What is desertification and why should we all be worried about it? Desertification is a fancy word for land that is turning to desert, and it is not only happening in arid, third-world countries; it is happening anywhere where there is too much bare ground.
Desertification occurs as a result of overgrazing by livestock, mostly cattle, sheep and goats, which gives off methane and leaves the soil bare. Or so we were all led to believe anyway…
Intense research over many years has revealed that where animals grazed, ferocious pack-hunting predators also flourished, making the herds grow bigger. This means that there is more dung and urine covering the food that the animals are grazing, so they have to keep moving, and it is this movement that actually prevents the overgrazing of plants, and the periodic trampling of the herds actually ensures good cover of the soil.
During the dry season, the grass that is above ground must decay biologically before the next growing season; if this does not happen, the grassland and the soil begin to die. If this does not happen, it begins to oxidise, which is an extremely slow process which smothers and kills grasses and leads to a shift to woody vegetation and bare soil, releasing carbon.

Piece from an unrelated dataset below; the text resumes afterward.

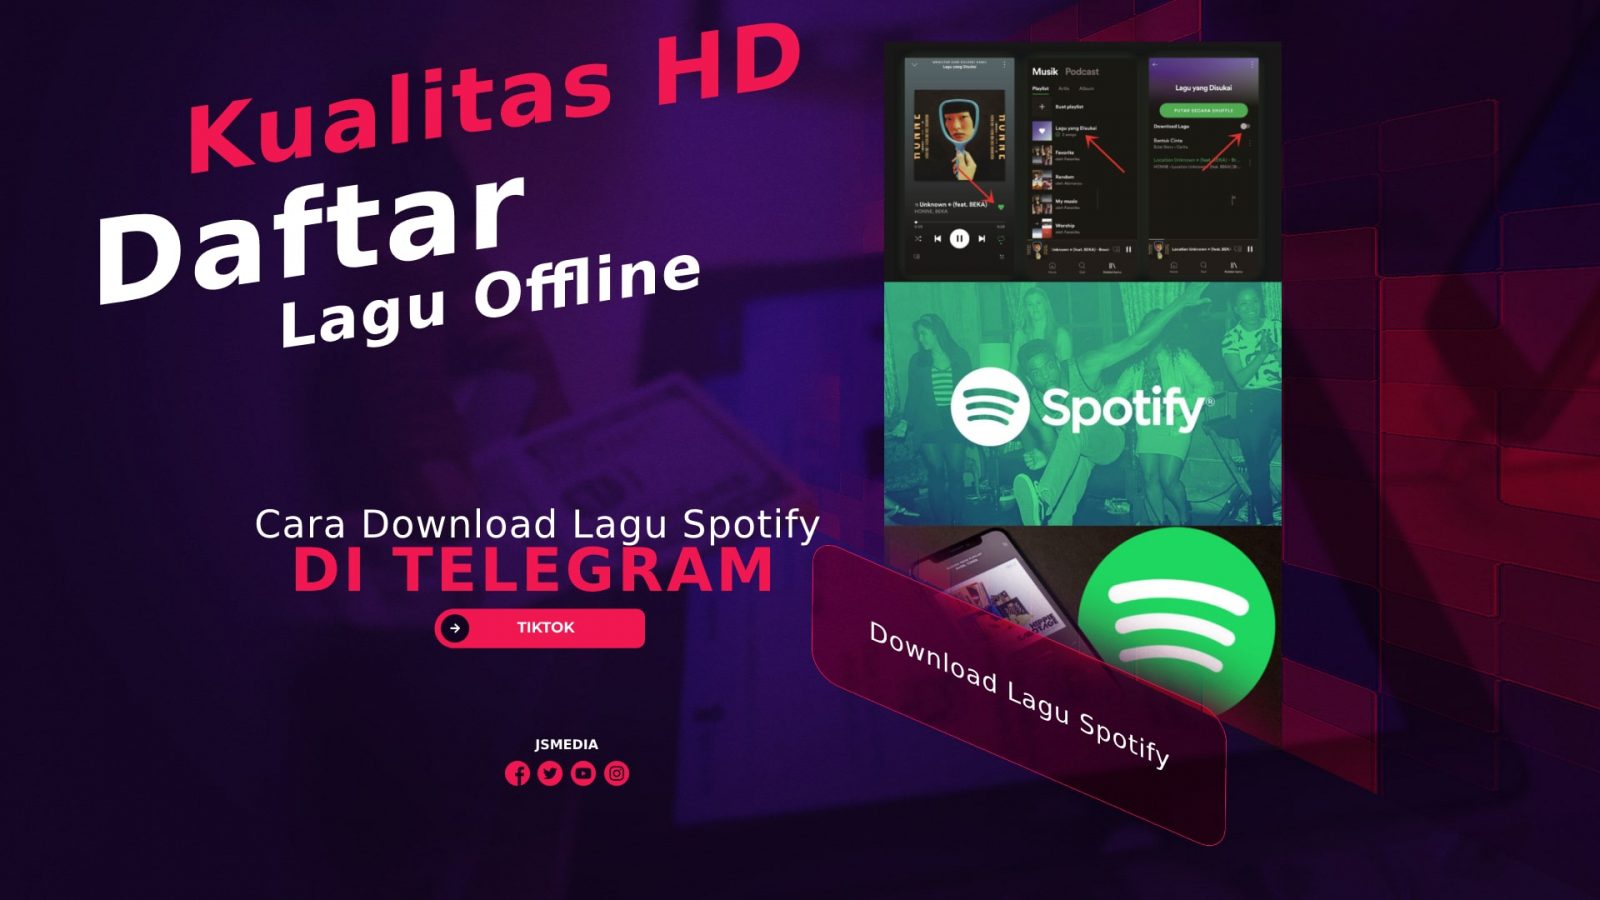 Cara Download Lagu Spotify di Telegram, Kualitas HD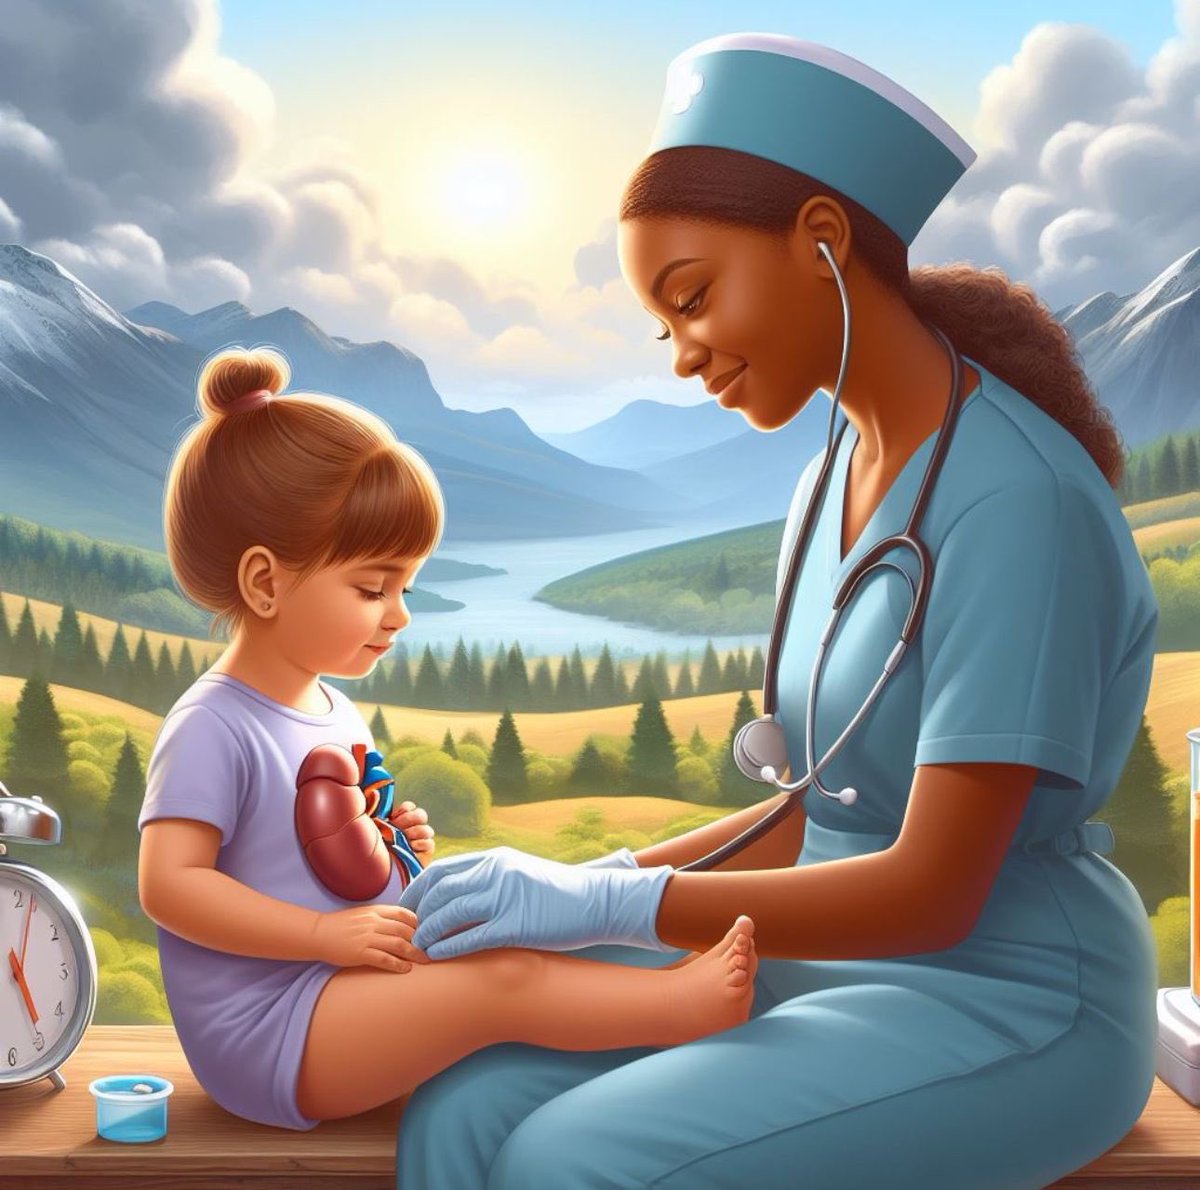 Un feliz día de la enfermera. 👩🏻‍⚕️ Una profesión que hace posible el milagro del trasplante renal. Gracias por todo el cuidado ♥️♥️♥️ #NurseDay #diainternacionaldelaenfermera #DiaInternacionalDeLaEnfermeria #trasplante #transplant #saludrenal #kidney

Scientists have believed for many years that burning grassland is good because it removes the dead material and it allows the plants to grow. Unfortunately though, this burning also releases carbon and other pollutants that are more damaging than pollution from 6,000 cars, actually causing desertification and climate change.
The only way to fight desertification and climate change, thereby ensuring that the rain actually sinks into the ground and plants grow, is to re-introduce grazing in large herds and mimicking nature in the way they travel, which also means holding the herds overnight in certain areas so that they actually prepare the crop fields, which has been shown to increases in crop yield dramatically.
Holistic management and planned grazing of larger herds does address all of nature’s complexity and our social, environmental, economic complexity. This type of management has proven itself in various countries, including in Zimbabwe and in the very arid Karoo in South Africa, where massive tracts of land have been reclaimed from desertification and where the vegetation, livestock and people are thriving.